Десятилетки и наставники коротко стрижены, по господствующей на луне моде. Причёска Нины ничем не отличается от причёсок типа «ощетинившийся ёжик» у мальчишек. Это не столько мода, сколько насущная необходимость. Меньше волос — меньше нагрузки на фильтрующие системы и тем меньше вероятность что где-нибудь что-нибудь забьётся.
Как только наставники включились в игру, она сразу резко оживилась.
Порвать не порвали, но счёт семь против шести всё-таки остался в пользу команды Клима.
По окончанию совместной игры территорию спортивной площадки поделили на две части. Другой наставник, вместе со своими, принялся разучивать какие-то упражнения на растяжку. Клим посмотрел на них, хмыкнул, достал из сумки новенький, изготовленный буквально вчера в мастерских станции реквизит и принялся облачаться. Минуту спустя на его месте стоял страшный лорд Дарт-Ситх с парой пылающих красным светом мечах в руках.
Мелюзга за это время успела перевоплотиться в джедаев. Сделанные в той же мастерской мечи пылали разными цветами. Пластиковые доспехи сверкали напылением.
— Переходите на тёмную сторону силы, юные падаваны? — предложил тёмный лорд.
— Никогда!
— А если за бочку варенья и корзину печенья?
— За всё печенье мира не перейдём!
Дальше начался форменный забег по своей части спортивной площадки от четырёх юных героев с пылающими мечами в руках. Какое-то время у Ворошилова неплохо получалось водить их за собой на манер паровозика так, что одновременно на него нападать могли не более двух сразу. Впрочем, сей нехитрый приём вскоре был раскушен, старший брат окружён и отдубасен световыми мечами, что, без сомнения, должно символизировать неизбежность победы добра над злом, а также то, что если действовать гуртом, то можно и батьку побить или, вернее, заменяющего его старшего товарища. Тоже, между прочим, важный воспитательный эффект. Вроде как.
Во всяком случае Клим обещал своим подопечным эпичную битву на световых мечах если каждый из них перевыполнит норматив по точности стрельбы с орбиты минимум на десять процентов и наконец-то выполнил обещание. В конце концов ребята сумели совершить практически невозможное. Смогли заставить Володю Казначеева[7] оторваться от своих книжек, подтянуться и перевыполнить нормативы на целых десять процентов. А это, надо сказать, совсем не мало.
Пока Клим отстёгивал от себя фрагменты брони и убирал выключенные мечи обратно в сумку, к нему подошёл воспитатель другой группы, с которой они делали спортзал. Только сейчас Клим осознал, что пока они бегали, размахивая светящимися мечами, соседская мелюзга прекратила занятия на растяжку и смотрела на них открыв рот. Получается испортил товарищу его занятие. Да, этот момент он как-то не продумал. Наверное, тот сейчас ругаться идёт. Надо будет извиниться.
Но вместо то чтобы ругаться, другой наставник спросил: — Это что сейчас было?
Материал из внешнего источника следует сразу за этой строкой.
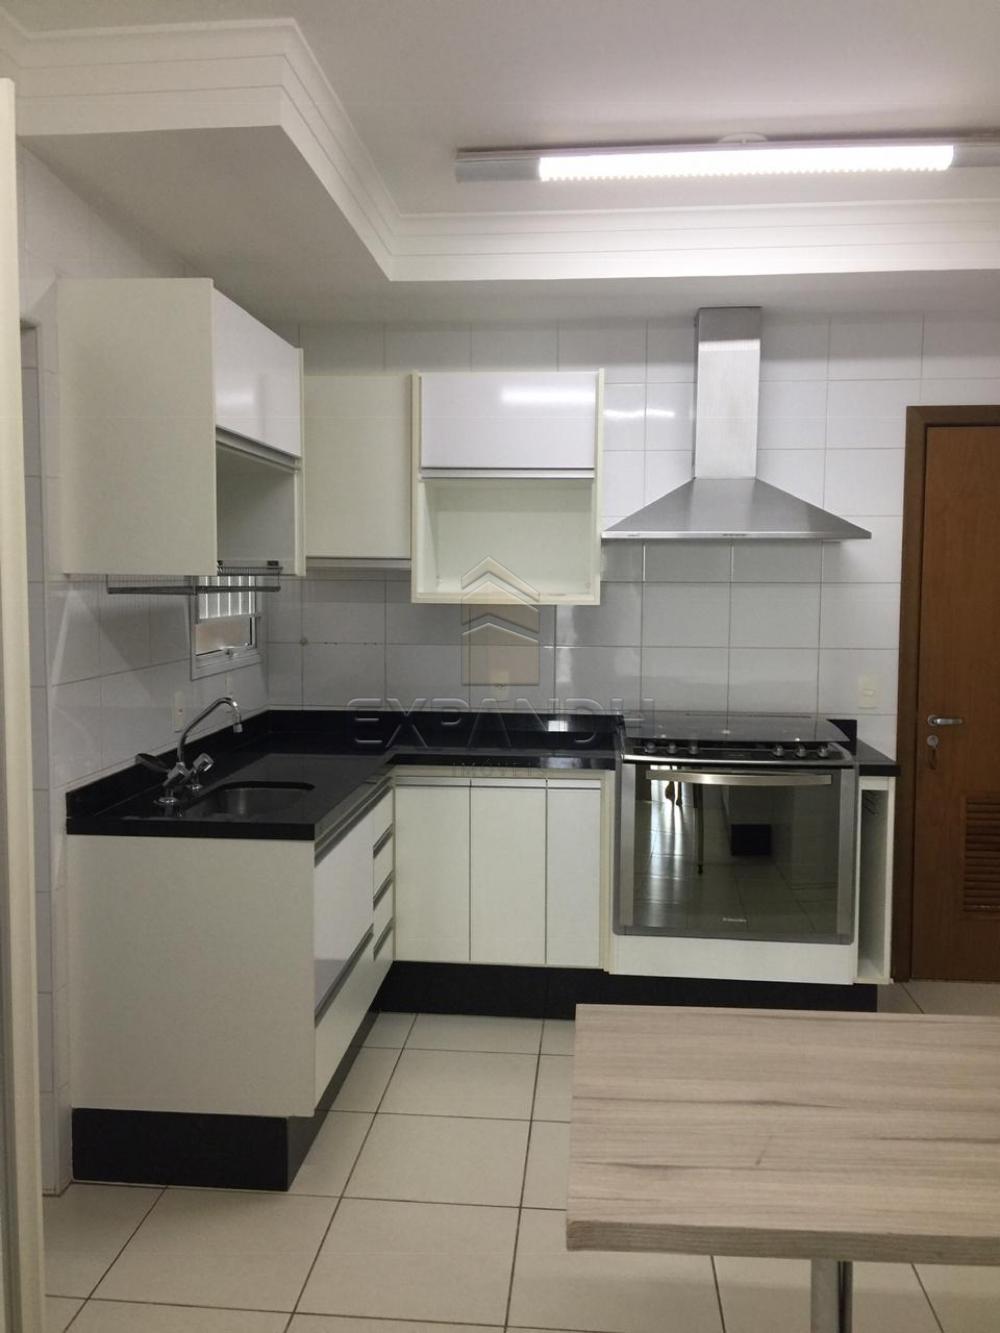 Comprar Apartamentos / Padrão em Sertãozinho R$ 850.000,00 - Foto 12

— Что именно? — удивился Клим.
— Всё это: мечи, шлемы, броня. Особенно вспышки при ударах!
— Так это мы спортивным фехтованием занимаемся, — не моргнув глазом ответил Клим.
— Вот уж не думал, спортивное фехтование настолько зрелищно, — покачал головой коллега. — Мои вон до сих пор стоят, не могут рот обратно закрыть. Теперь придётся и нам попробовать.
— Всегда пожалуйста. Чертежи мечей и брони остались в памяти третьего и пятого станков, — вежливо откланялся Клим.
Потом его мелкие продолжили занятия по учебной программе. Передав их на попечение ведущей уроки Октябрины, за три свободных часа Клим, вместе с Леонидом, закончили начатое ещё вчера техническое обслуживание подъёмного лифта, который позволял перемещаться по ярусам станции без утомительной беготни по лестницам.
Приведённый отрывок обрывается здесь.